Acting Deputy National secretary All Progressives Congress APC
- Incumbent
- Assumed office June 21st 2020
- Governor: Chibuike Amaechi
- Preceded by: Ken Chikere
- Succeeded by: Emmanuel C. Aguma

Attorney General of Rivers State
- In office 2011–2015

Chairman of the Nigerian Bar Association
- In office 2010–2011

Personal details
- Born: 31 March 1968 (age 58) Rivers State
- Education: Rivers State University of Science and Technology
- Profession: Lawyer

= Worgu Boms =

Nigerian lawyer

Worgu Boms (born 31 March 1968) is a Nigerian lawyer and a former Rivers State Attorney-General and Commissioner of Justice.

==Education==
Boms went to State School Elekahia, Port Harcourt and Government Secondary School, Eneka. He had his tertiary education at the Rivers State University of Science and Technology and received his B.L. certificate from Nigerian Law School.

==Career==
In 1992, he gained entry into the Nigerian Bar and National Youth Service programme. Shortly after, he started practicing with the law firm of Serena David Dokubo & Co in Port Harcourt before founding Worgu Boms Chambers.
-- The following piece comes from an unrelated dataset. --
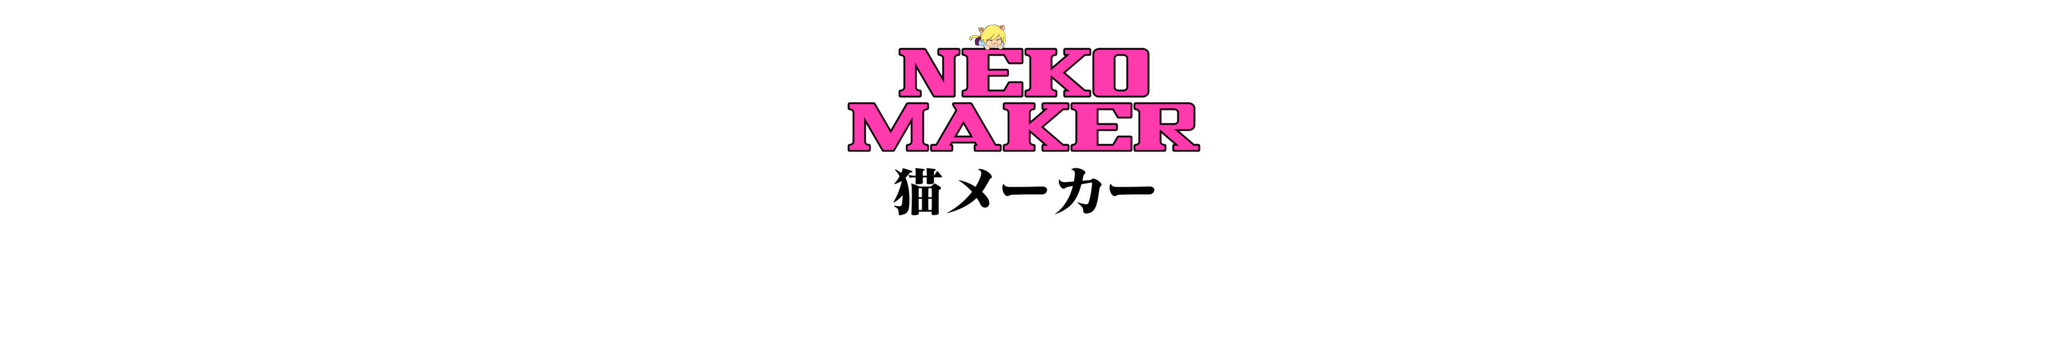 background for Neko Maker Ultimate: Return of the Gyatt

Boms is affiliated with the Nigerian Bar Association and the International Bar Association. He has taken part in Conferences and Workshops in Nigeria and overseas, including the Cambridge International Symposium on Economic Crimes. He has chaired the Port Harcourt branch of the Nigeria Bar Association. In 2011, he was appointed the Attorney-General and Commissioner of Justice in the cabinet of Governor Chibuike Amaechi.